* [DATA SUPPLIED]:
________________________________________

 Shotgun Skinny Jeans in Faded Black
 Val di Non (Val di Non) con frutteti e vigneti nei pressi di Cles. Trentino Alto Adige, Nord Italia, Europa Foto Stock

________________________________________

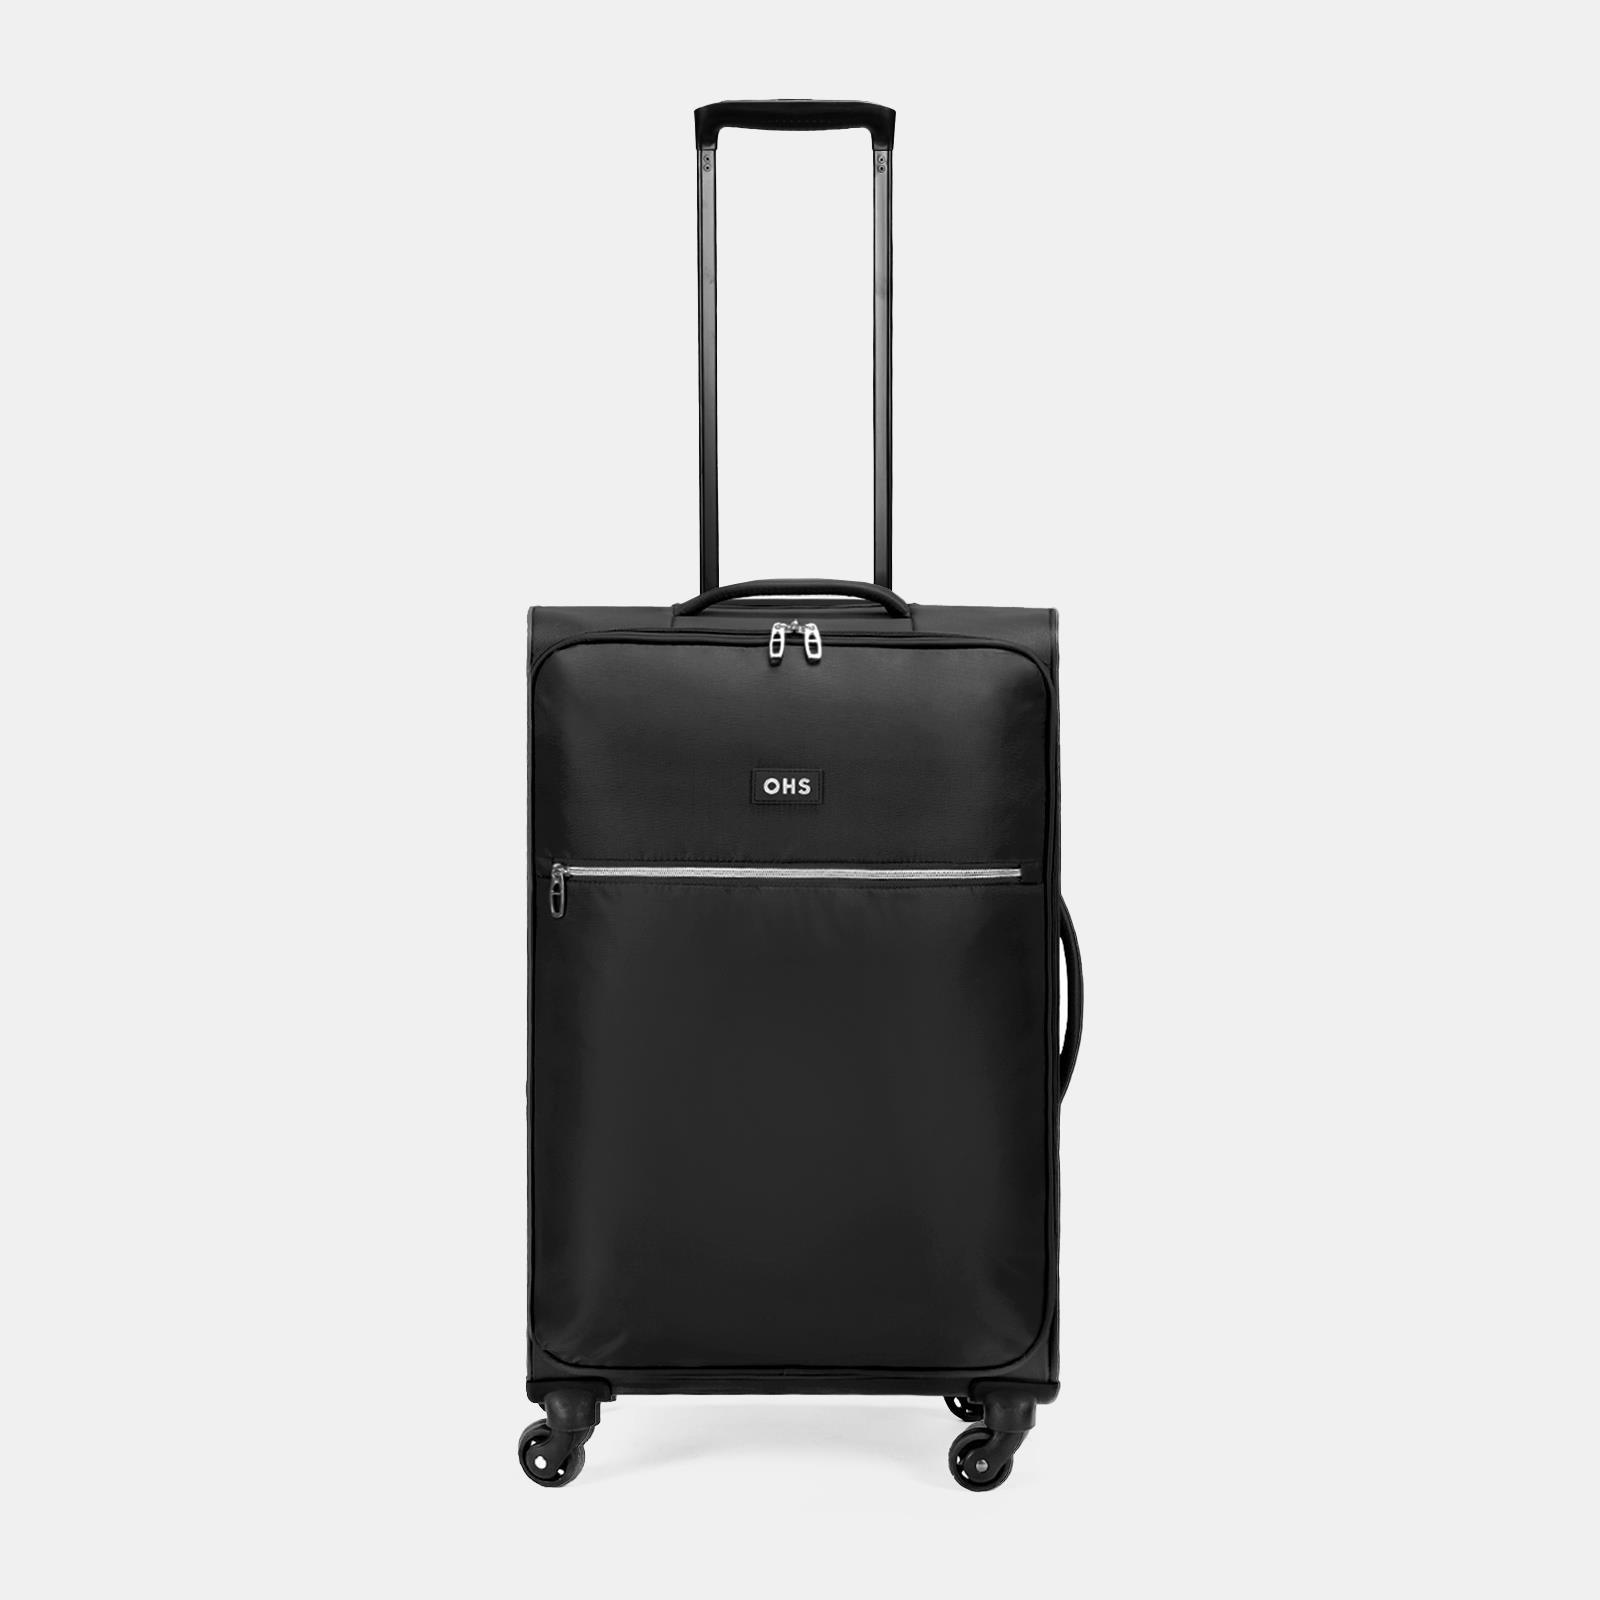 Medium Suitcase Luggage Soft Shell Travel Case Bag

________________________________________

* [ACTIVITY]:
Among the records above, repeat exactly the line with "Shotgun Skinny Jeans in Faded Black", the line with "Val di Non (Val", and every line in between, and only those.

* [OUTPUT OF THE EXERCISE]:
 Shotgun Skinny Jeans in Faded Black
 Val di Non (Val di Non) con frutteti e vigneti nei pressi di Cles. Trentino Alto Adige, Nord Italia, Europa Foto Stock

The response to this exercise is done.